Простенькая интрига лесной горбуньи и ее отца лежала перед Адамом как на ладони. Прибрать к рукам денежки, которые унаследовал безумец. Родить ребеночка стареющей девушке-калеке (да только что еще за ребеночек-то выйдет?). Священник, который рад хоть так насолить хозяйке Синих Ключей (Люша рассказывала Адаму о своих с детства непростых отношениях с отцом Даниилом) – обвенчать странную пару и – несомненное благо! – узаконить положение и обеспечить будущее уже зачатого ими ребенка…

– Думаю, что в конце концов все вышло к лучшему, – поразмыслив, твердо сказал Адам. – Что ж – Таня, как я понимаю, и так и так за тобой ходила, а теперь у вас семья будет по закону, да еще и сын или дочка… Тут главное, чтоб ребенок здоровым родился. При таких-то родителях… Ну да помогай ему Бог!

– Я тоже так думаю, – важно кивнул Филипп. – Ну ладно. Перед Синеглазкой, если она все-таки объявится, я повинюсь. А вдруг она на меня обиделась и вовсе не покажется? Как же тогда с ее сокровищами дело разрешить – вот чего я никак не понимаю! Ведь матушка меня всегда учила: чужое, Филя, брать нехорошо, Бог за это накажет… А я не хочу, чтоб меня наказывали! Где этот Бог? Мне «их» и Тани с тряпкой довольно…

После разъяснения истории с женитьбой Адам уже не мог так просто отмахнуться от сокровищ мифической Синеглазки.

– А что за сокровища, Филипп? И как они у тебя-то оказались?

– А это как раз когда у нас бунт и пожар был, и матушка с отцом померли. Люба, небось, тебе рассказывала? Ну вот. Синеглазка тогда должна была в усадьбу приехать, и меня кликнуть, чтобы мы с ней могли всем объявиться как жених с невестой. А тут такое! Я-то про отца тогда не знал ничего, даже того, что он мне отцом приходится (это уж мне после Люба рассказала), а за Синеглазку свою испугался страшно. Вдруг это из-за нее там все получилось и ее обижает кто? Да и «они» мне подсказали: беги! Я и побежал. Думал: сейчас защитю ее ото всех! Палку по дороге взял…
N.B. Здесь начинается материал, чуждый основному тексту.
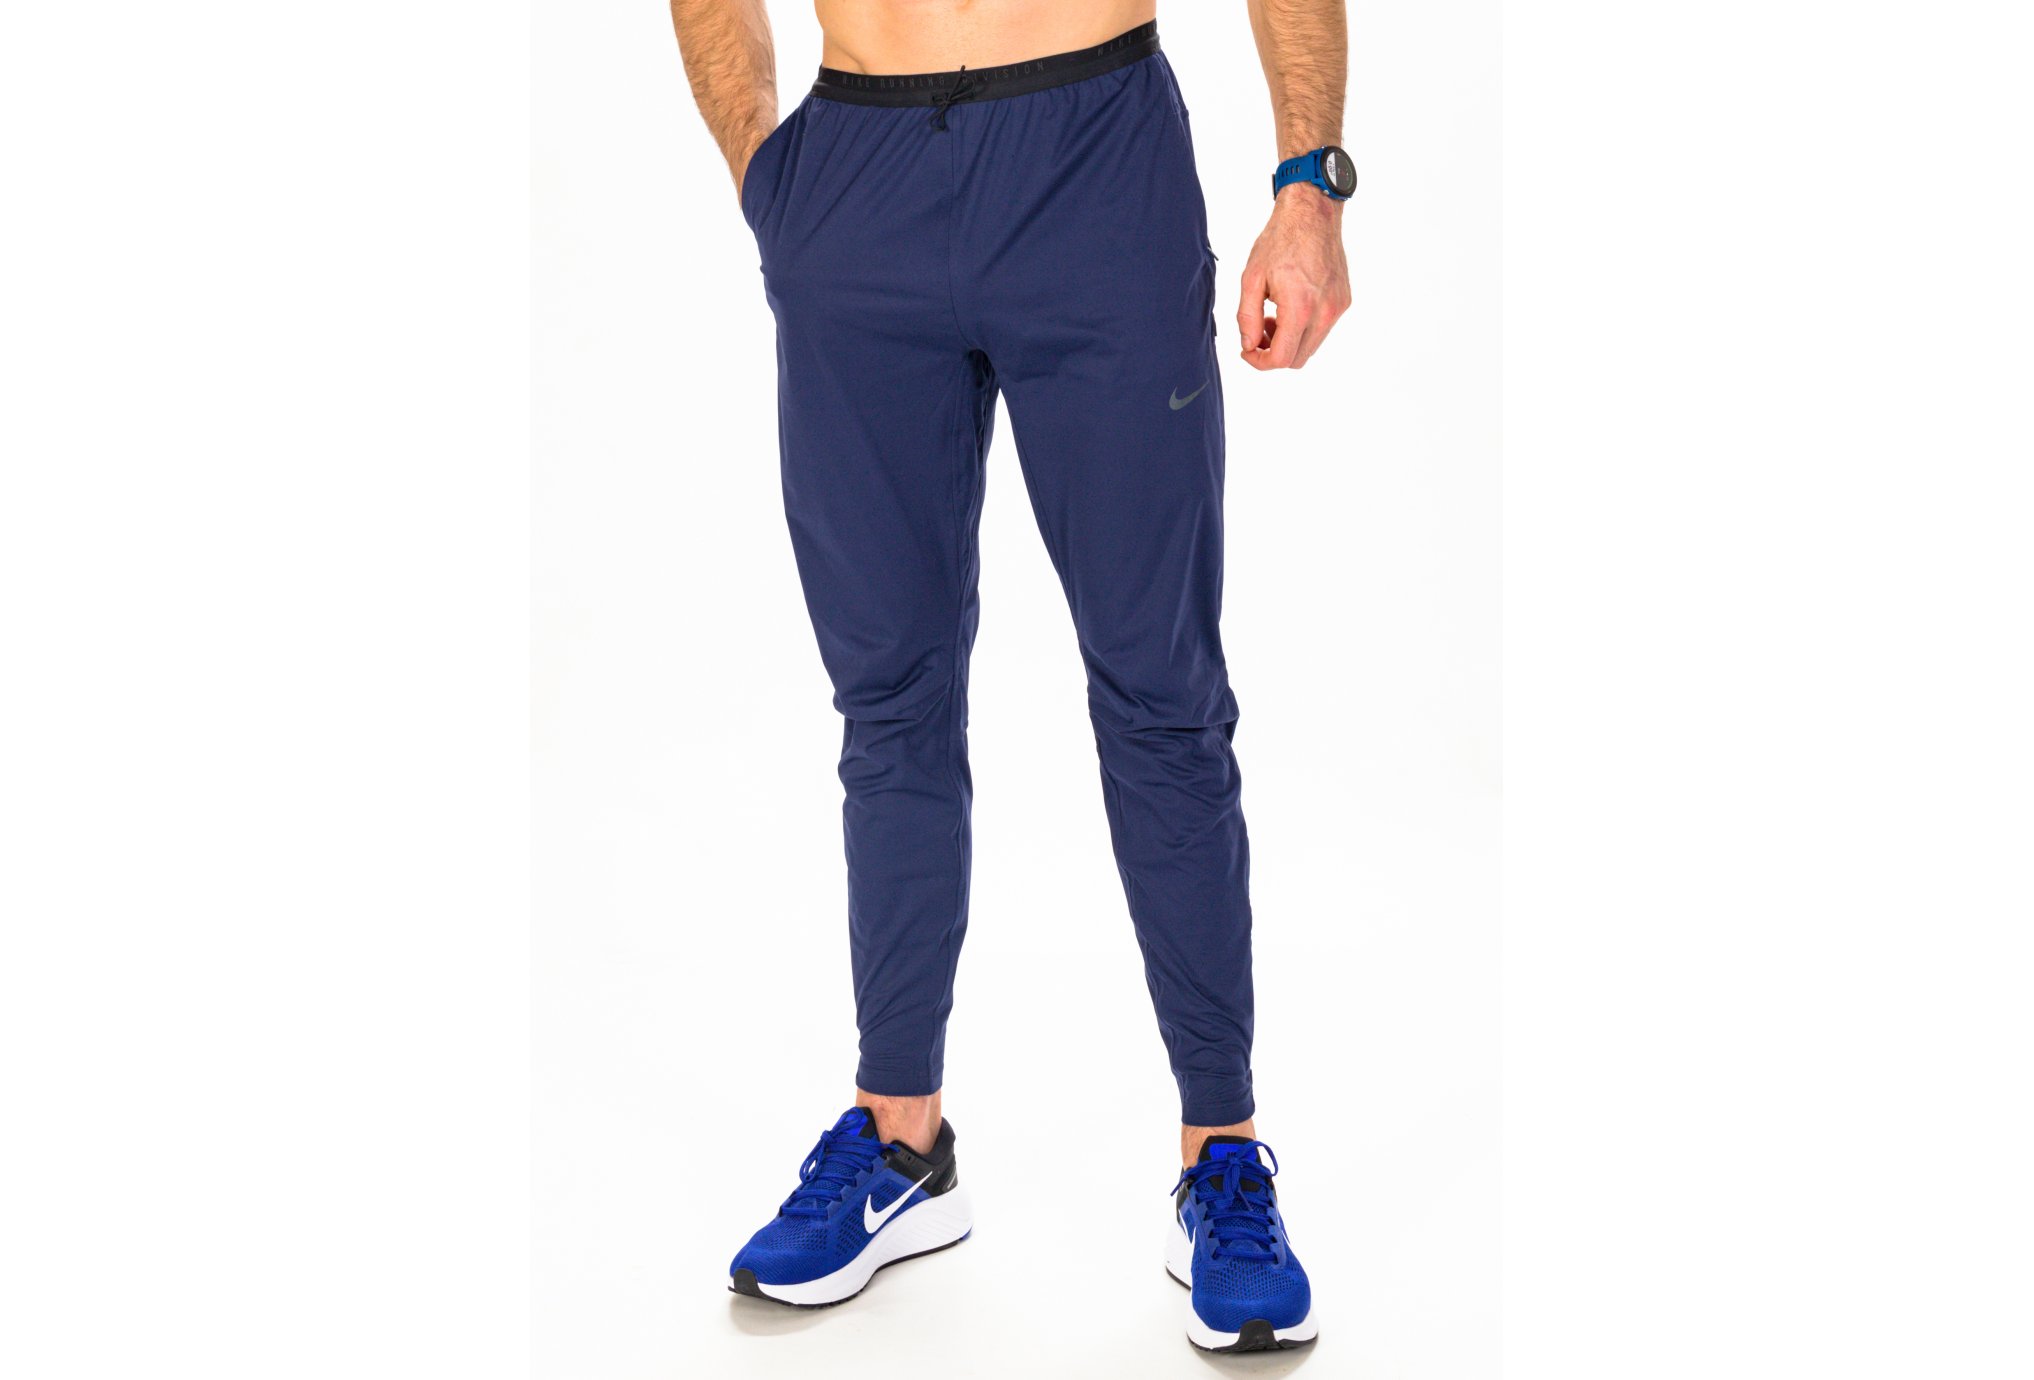 Pantalon de survêtement homme Nike Therma Fit - Coloris gris ou marine
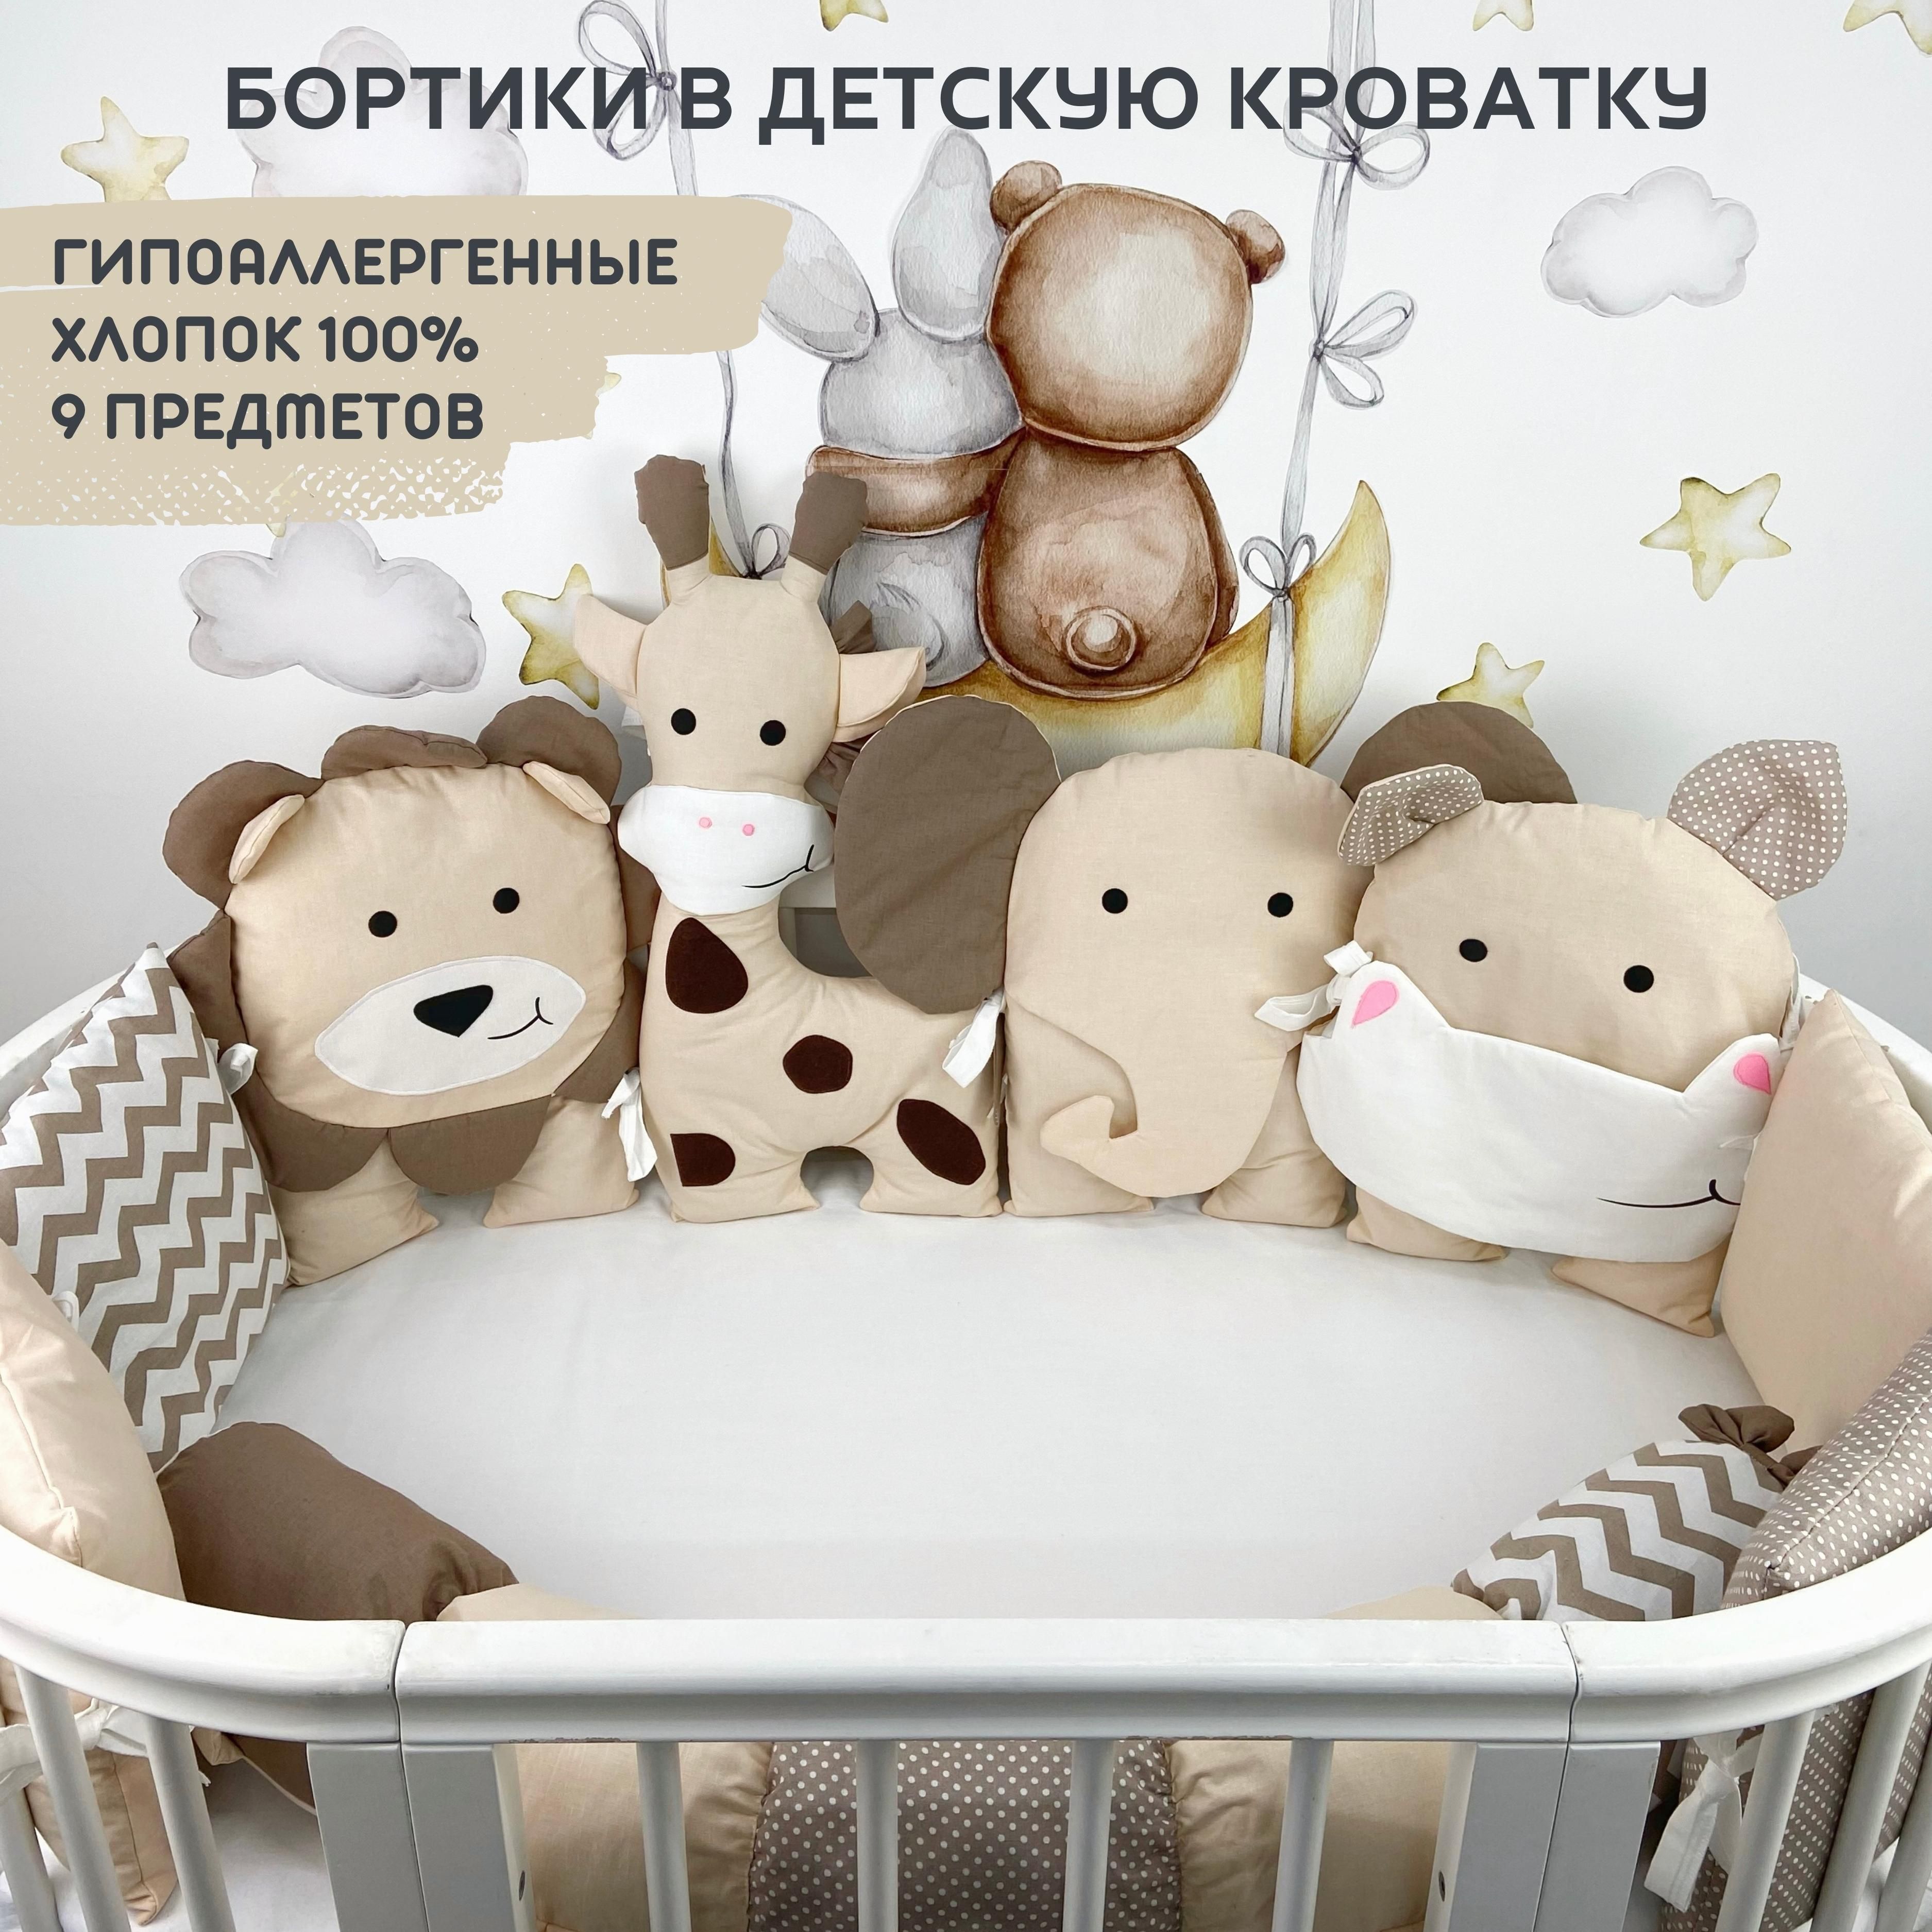 Бортики в кроватку для новорожденных — купить в Москве бортики в детскую кроватку в баштрен.рф

Прибежал, а там все вверх дном! Крестьяне бегают и орут, бабы с детьми тащат чего-то, коровы порезанные лежат, в небо смотрят. Потом помню: мимо мужик бежит, почему-то в скатерть завернутый. Я спрашиваю у него: где же хозяин? – чтобы, значит, у отца про Синеглазку узнать. А он хохочет как безумный, морда в крови, глаза красные и говорит: нету больше хозяев, свобода настала! А Осоргина твоего – хватит, попил нашей крови! – насовсем застрелили!

Я ему, помню, не поверил, стою. Тут вдруг вижу, матушка идет вся в слезах, а в руках у нее сумка большая, с которой она всегда к Мартыну меня навещать приходила.

Я к ней кинулся: Матушка, Синеглазка моя здесь?!

А она говорит: Николая убили, убили, изверги! – и плачет, плачет…

Я говорю: что ж, раз правда убили, значит, ему уже не поможешь ничем. А мне бы вот Синеглазку отыскать, потому как бы с ней тоже чего дурного не приключилось…

Тут матушка плакать перестала, посмотрела на меня и говорит:

– Точно так, Филя, была тут твоя Синеглазка, ушла до времени (сам видишь, что тут нынче творится!), но оставила для тебя весточку. Я тебе ее сейчас передам, если ты пообещаешь все в точности исполнить.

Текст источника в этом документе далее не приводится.